DATA
===

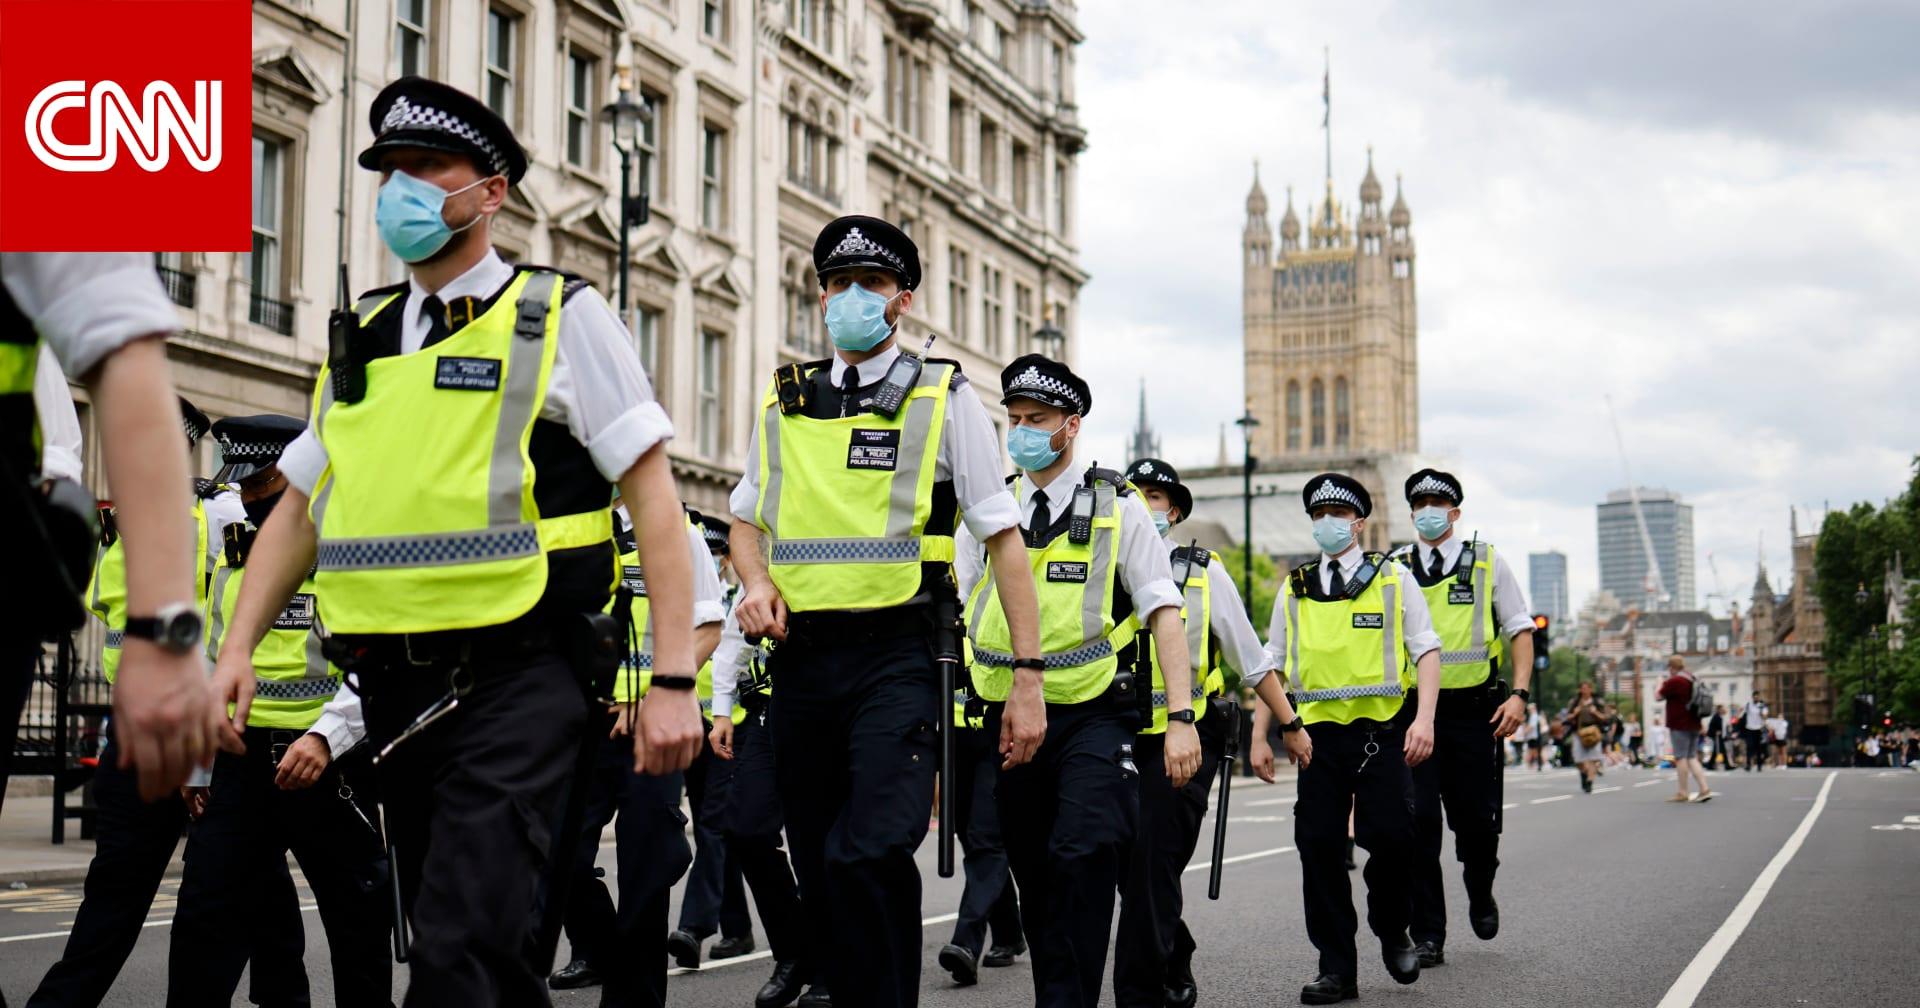 رئيس الاستخبارات البريطانية يطالب بقوانين تجسس أكثر صرامة ضد تهديدات روسيا والصين وإيران
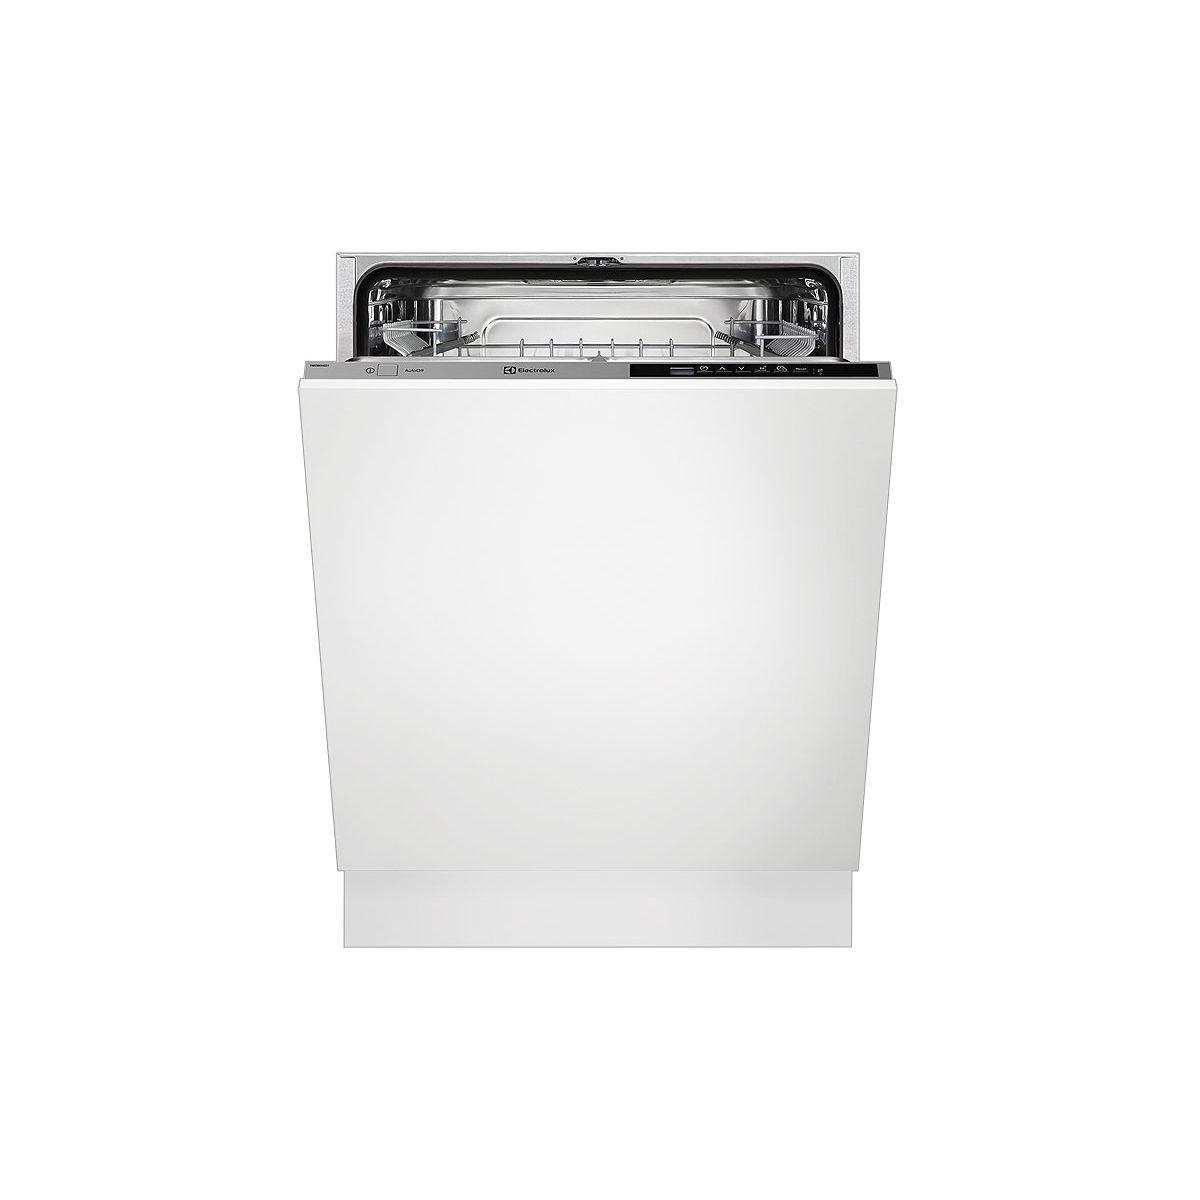 Lave vaisselle encastrable electrolux esl5361lb - livraison offerte : code liv
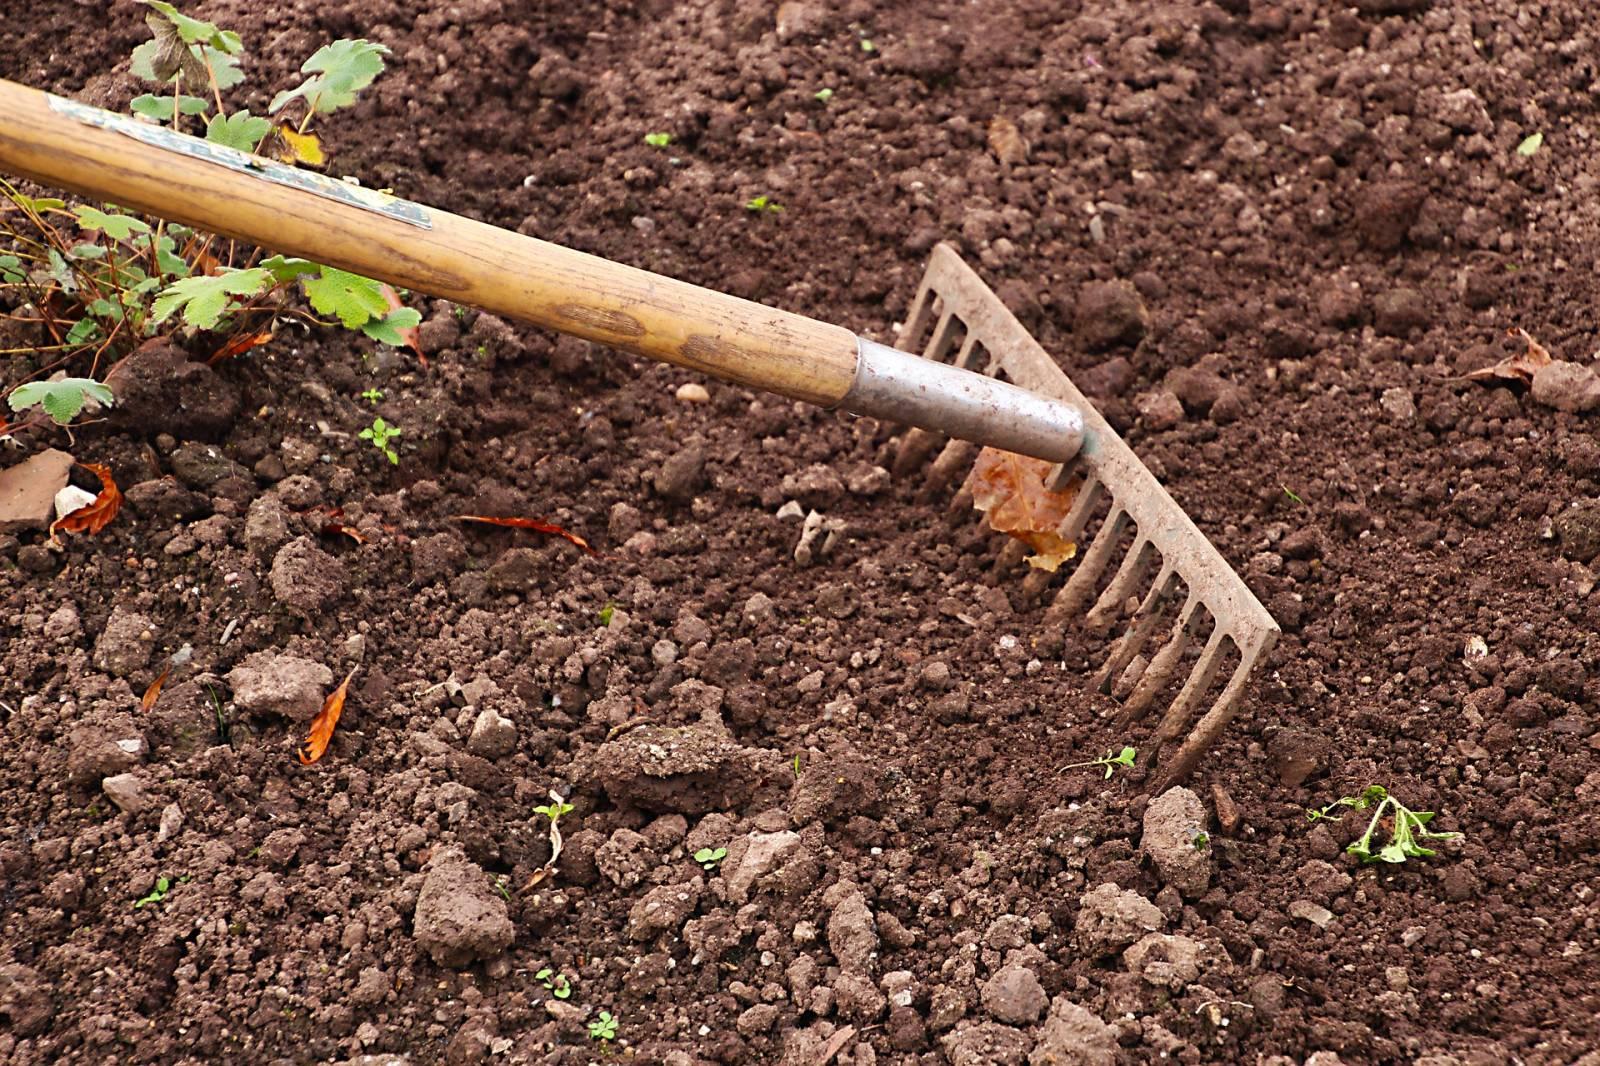 Jardinerie Animalerie Magasin De Jardinage Outils Vente D
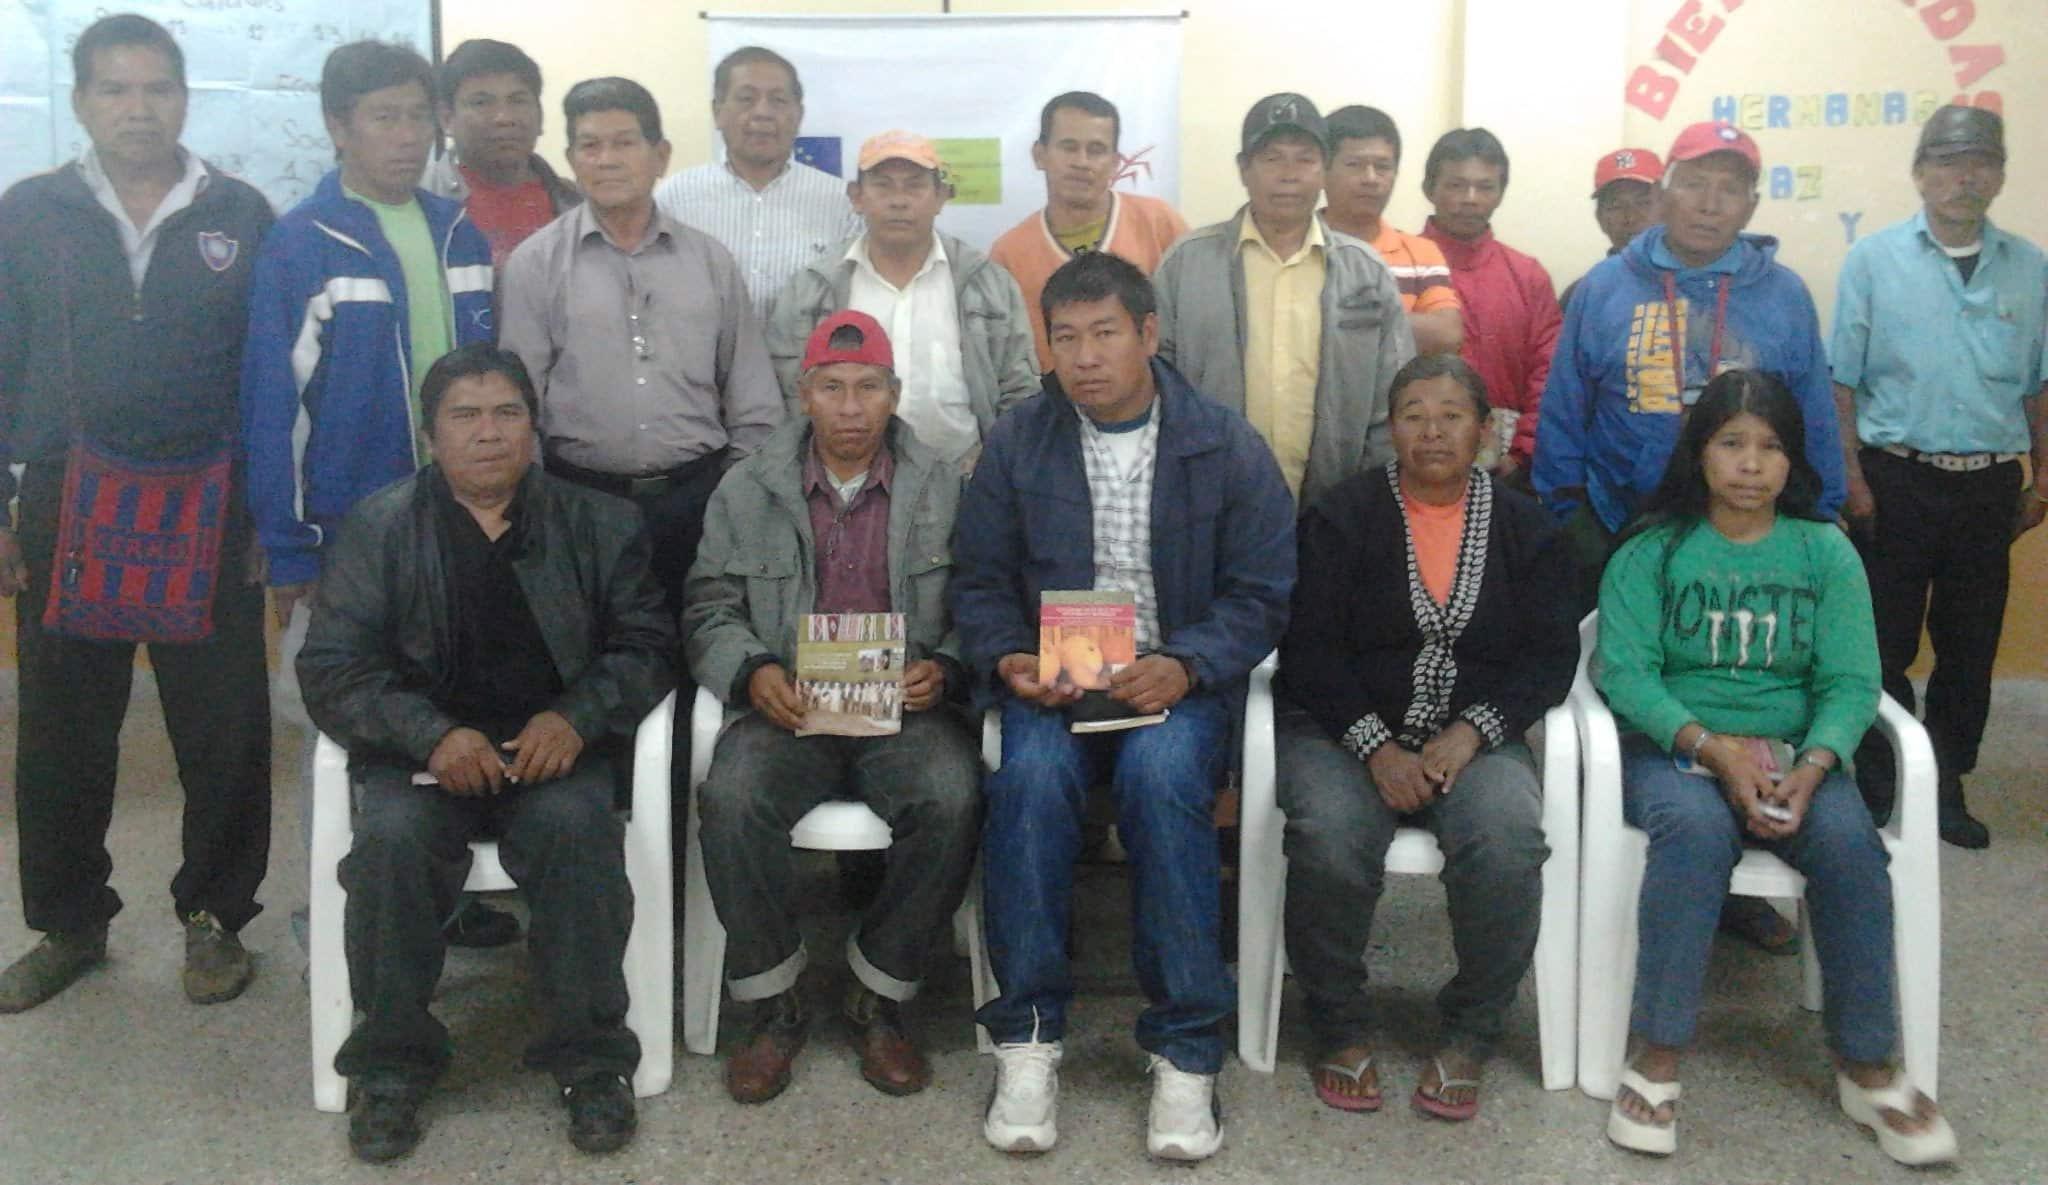 Miembros de la FAPI, en el cierre del taller de aplicación de la Declaración de la ONU sobre los Derechos de los Pueblos Indígenas.

===

YOUR INSTRUCTIONS
Repeat the material exactly, without images.

SOLVED EXERCISE
 رئيس الاستخبارات البريطانية يطالب بقوانين تجسس أكثر صرامة ضد تهديدات روسيا والصين وإيران
 Lave vaisselle encastrable electrolux esl5361lb - livraison offerte : code liv
 Jardinerie Animalerie Magasin De Jardinage Outils Vente D
 Miembros de la FAPI, en el cierre del taller de aplicación de la Declaración de la ONU sobre los Derechos de los Pueblos Indígenas.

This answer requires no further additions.